What you need to do: Without the pictures, set down everything in the listing exactly.

Exercise data:
* * *
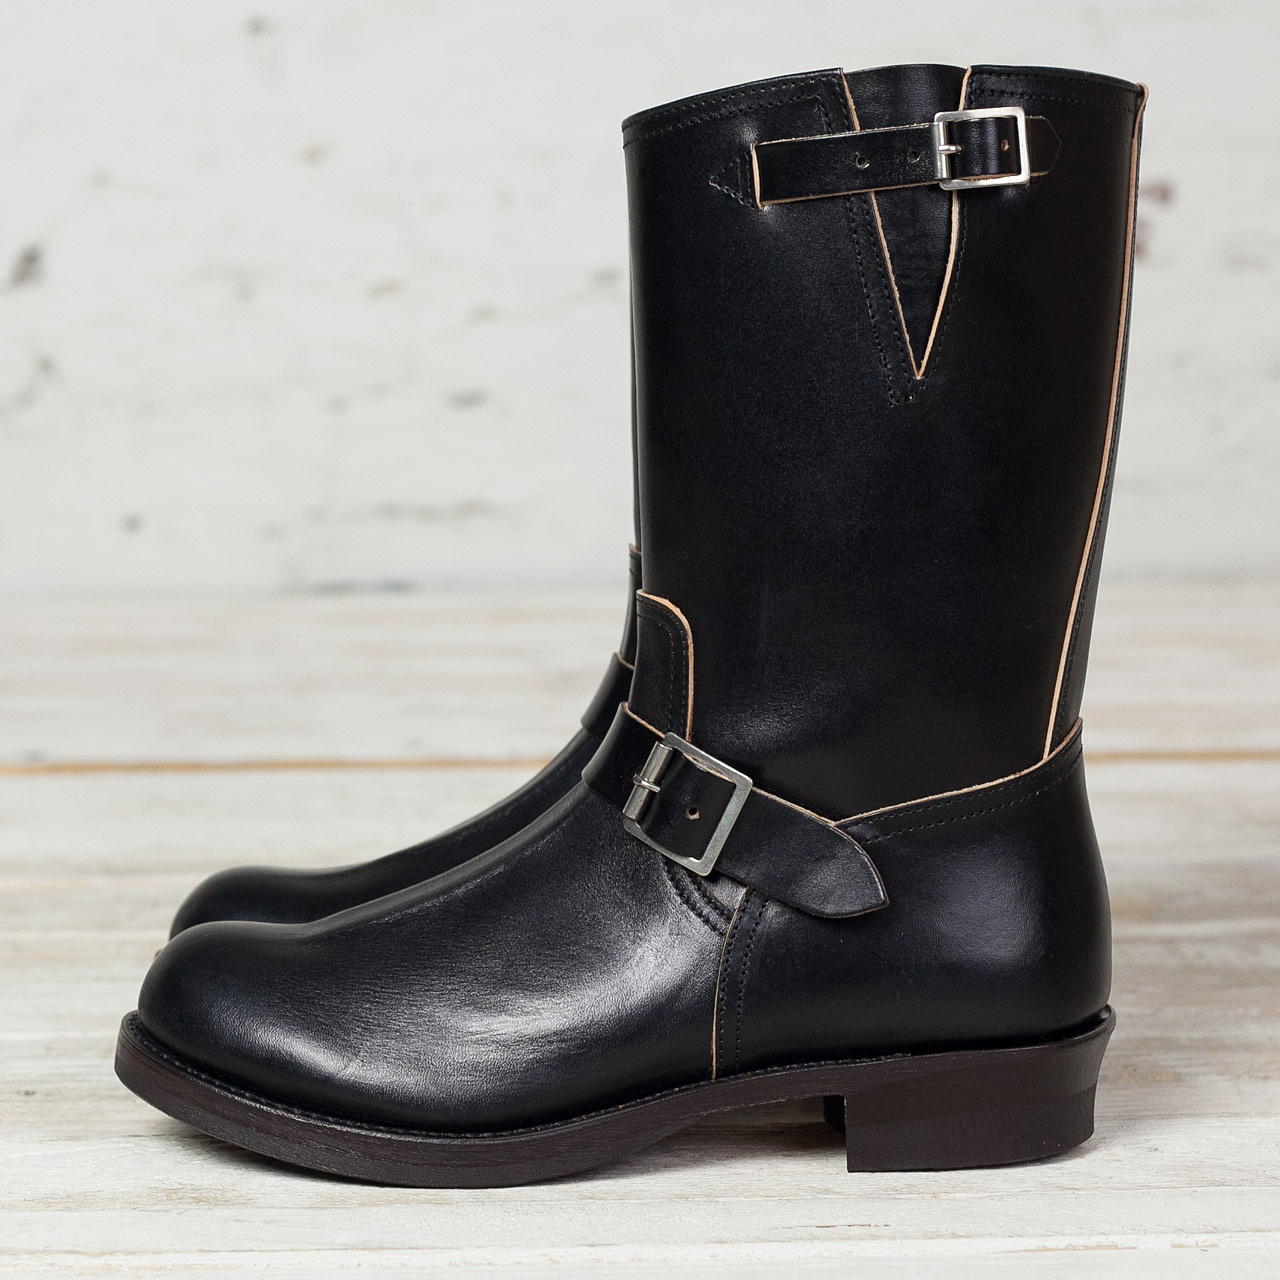 THE REAL McCOY'S Buco Engineer Boots / Buttock Black | Burg & Schild
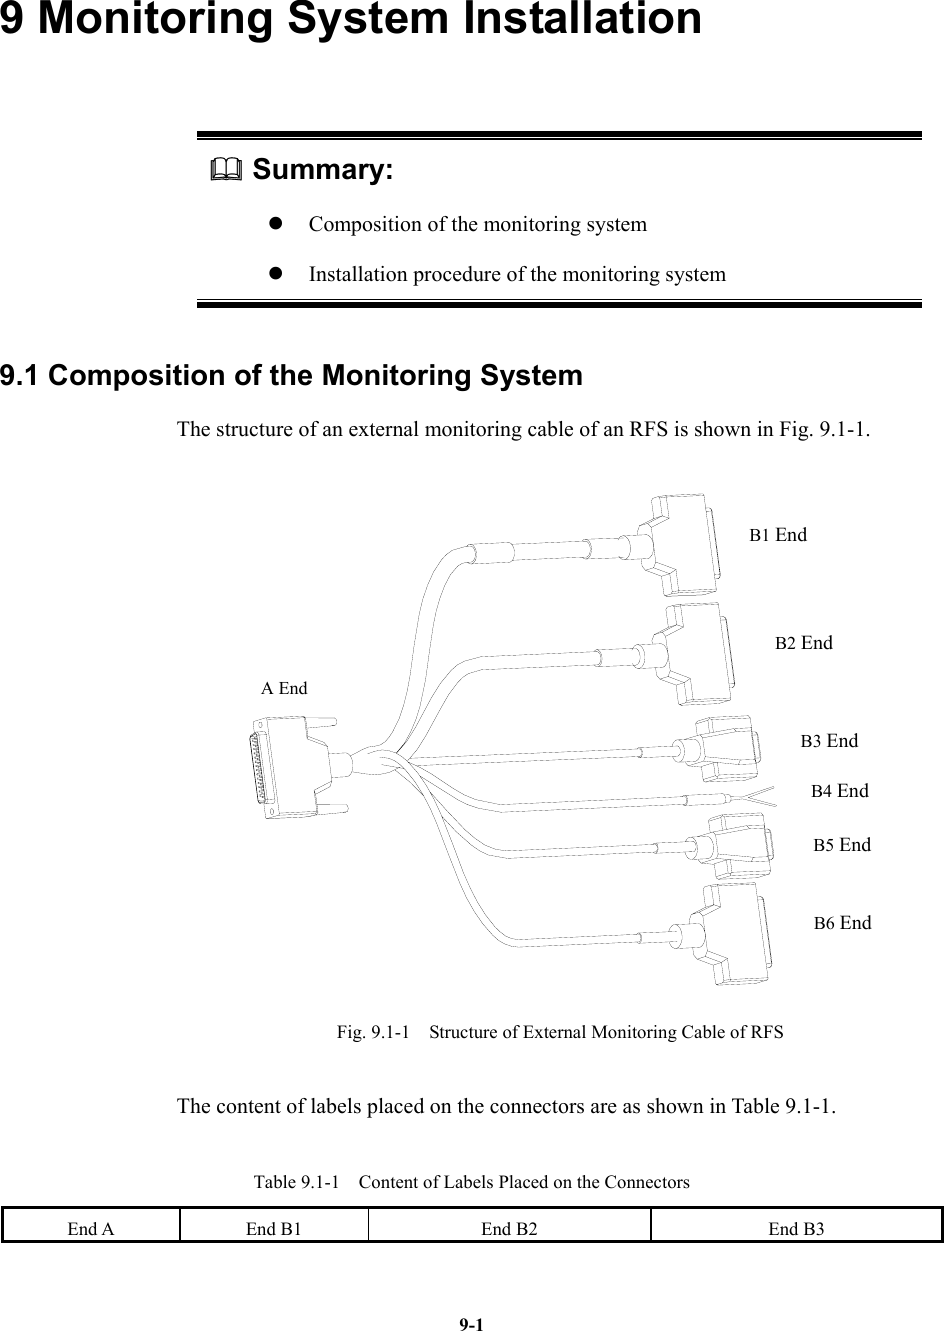   9-19 Monitoring System Installation  Summary: z  Composition of the monitoring system z  Installation procedure of the monitoring system 9.1 Composition of the Monitoring System The structure of an external monitoring cable of an RFS is shown in Fig. 9.1-1. A EndB1 EndB2 EndB3 EndB4 EndB5 EndB6 End Fig. 9.1-1    Structure of External Monitoring Cable of RFS   The content of labels placed on the connectors are as shown in Table 9.1-1. Table 9.1-1    Content of Labels Placed on the Connectors   End A  End B1  End B2  End B3 
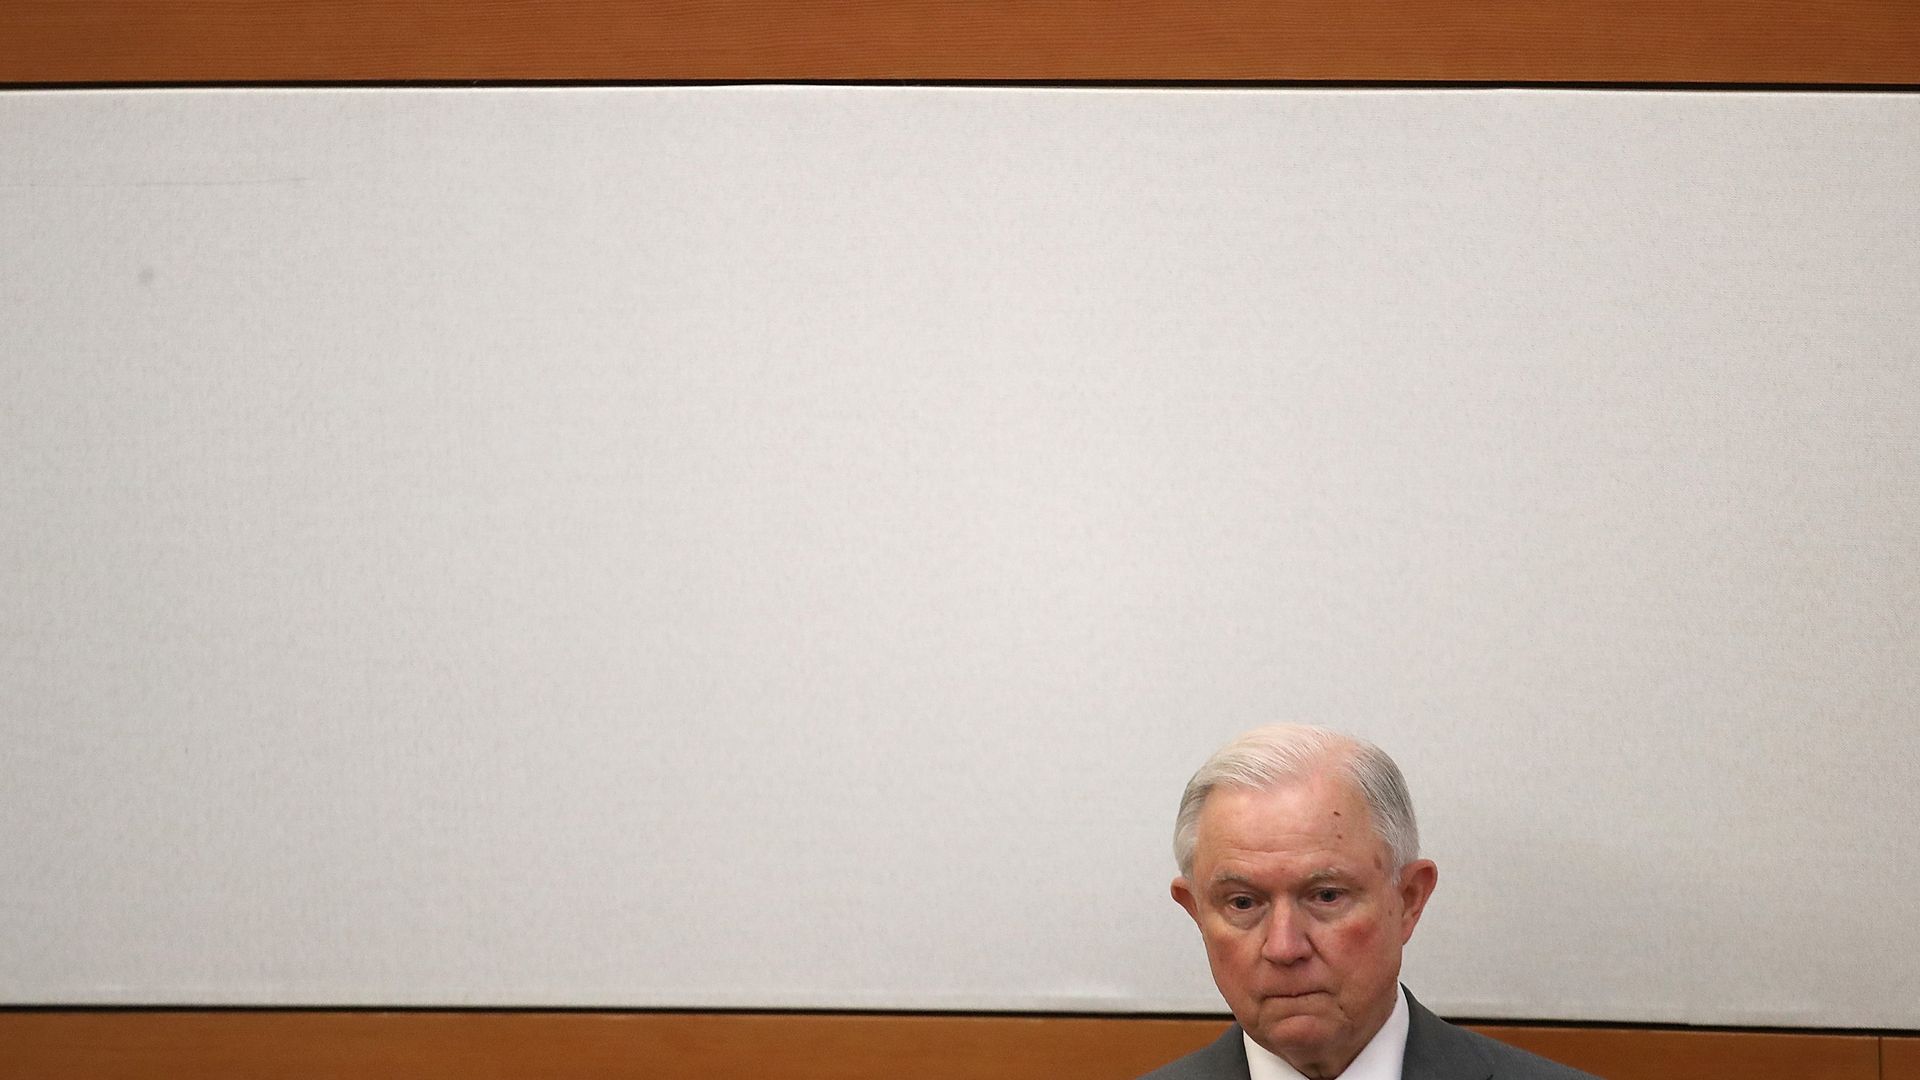 Attorney General Jeff Sessions' head at the bottom right side of the photograph with a wall with wooden, horizontal planks in the background.
* * *
Exercise response:
 THE REAL McCOY'S Buco Engineer Boots / Buttock Black | Burg & Schild
   9-19 Monitoring System Installation  Summary: z  Composition of the monitoring system z  Installation procedure of the monitoring system 9.1 Composition of the Monitoring System The structure of an external monitoring cable of an RFS is shown in Fig. 9.1-1. A EndB1 EndB2 EndB3 EndB4 EndB5 EndB6 End Fig. 9.1-1    Structure of External Monitoring Cable of RFS   The content of labels placed on the connectors are as shown in Table 9.1-1. Table 9.1-1    Content of Labels Placed on the Connectors   End A  End B1  End B2  End B3 
 Attorney General Jeff Sessions' head at the bottom right side of the photograph with a wall with wooden, horizontal planks in the background.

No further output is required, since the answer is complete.